In the above chart, the acronyms are short for the following:

  • OL: Available online
  • RE: Machine-readable
  • OF: Open format
  • URI: Each observation has a unique resource identifier so that we may refer to it persistently
  • LD: Data is linked to other datasets

Licensed Openly

Just because something is available on the Web does not necessarily mean that we are free to download and use it as we please. Historically, different government agencies would allow access to certain datasets for a fee that would help to cover the costs of running public data programs. (Oftentimes, we hear this referred to as data being behind a “paywall.”) With the US Open Government Directive, all data produced by any federal US agency would default to the public domain. When data is in the public domain, they are owned by the the public. The data are not subject to any copyright or intellectual property law and can be accessed, modified, reproduced, and distributed without any restrictions.

Data acquired by any federal US agency needed to be given an open data license that met the following criteria:

  1. The license allowed for data reuse and modifications.
  2. The license could not restrict any form of redistribution of the data.
  3. The license could not discriminate any person or group from these rights.

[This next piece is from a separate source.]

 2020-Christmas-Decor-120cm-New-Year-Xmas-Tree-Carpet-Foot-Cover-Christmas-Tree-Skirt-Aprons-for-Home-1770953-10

There are a few global licenses that government agencies can apply to data that meet this criteria. One such license is the Creative Commons Universal Public Domain License (CC0 1.0).

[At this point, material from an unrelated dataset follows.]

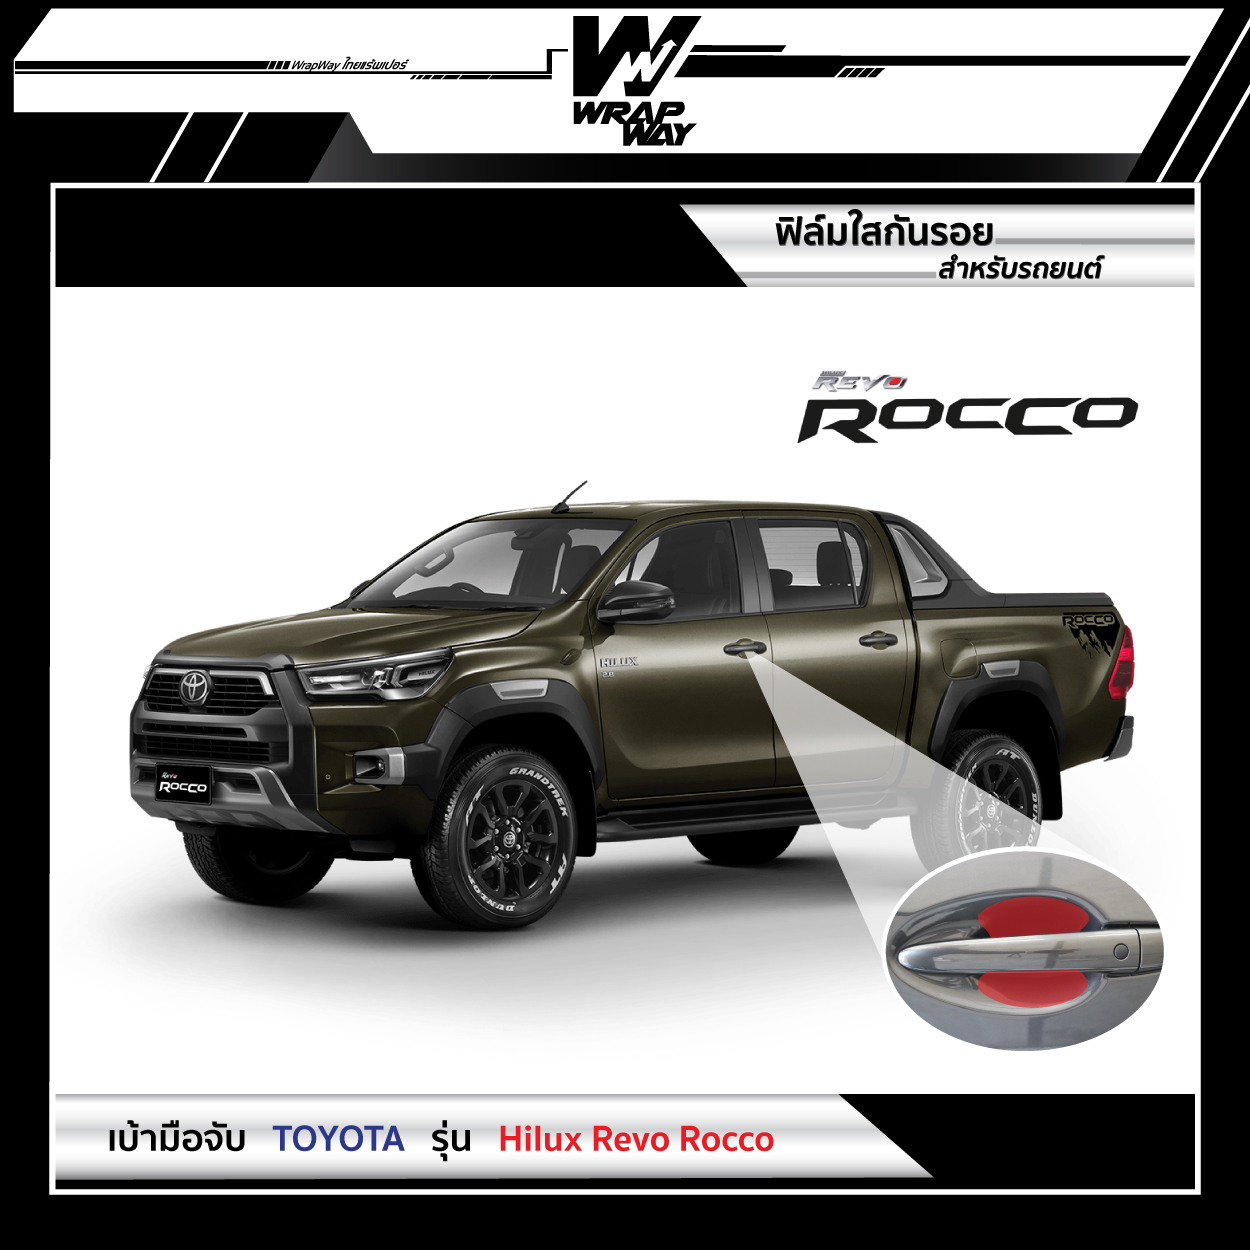 E Voucher การติดตั้งฟิล์มใสกันรอย เบ้ามือจับ Toyota Hilux Revo Rocco 2021 จาก WrapWay

Creative Commons is a non-profit organization that aims to increase the availability of creative works that the public can remix and share. Creative Commons has created a number of free licenses that the public can apply to their own creative works in order to designate the extent to which others can modify and redistribute them. These licenses indicate whether individuals other than the content creator may share the work, remix the work, and/or make money off of the work, along with whether such individuals have to attribute the content creator when sharing it. The following image outlines a number of Creative Commons licenses from most open to least open. You’ll notice that CC0 1.0 - the license compatible with each of the criteria listed above is at the top of the image.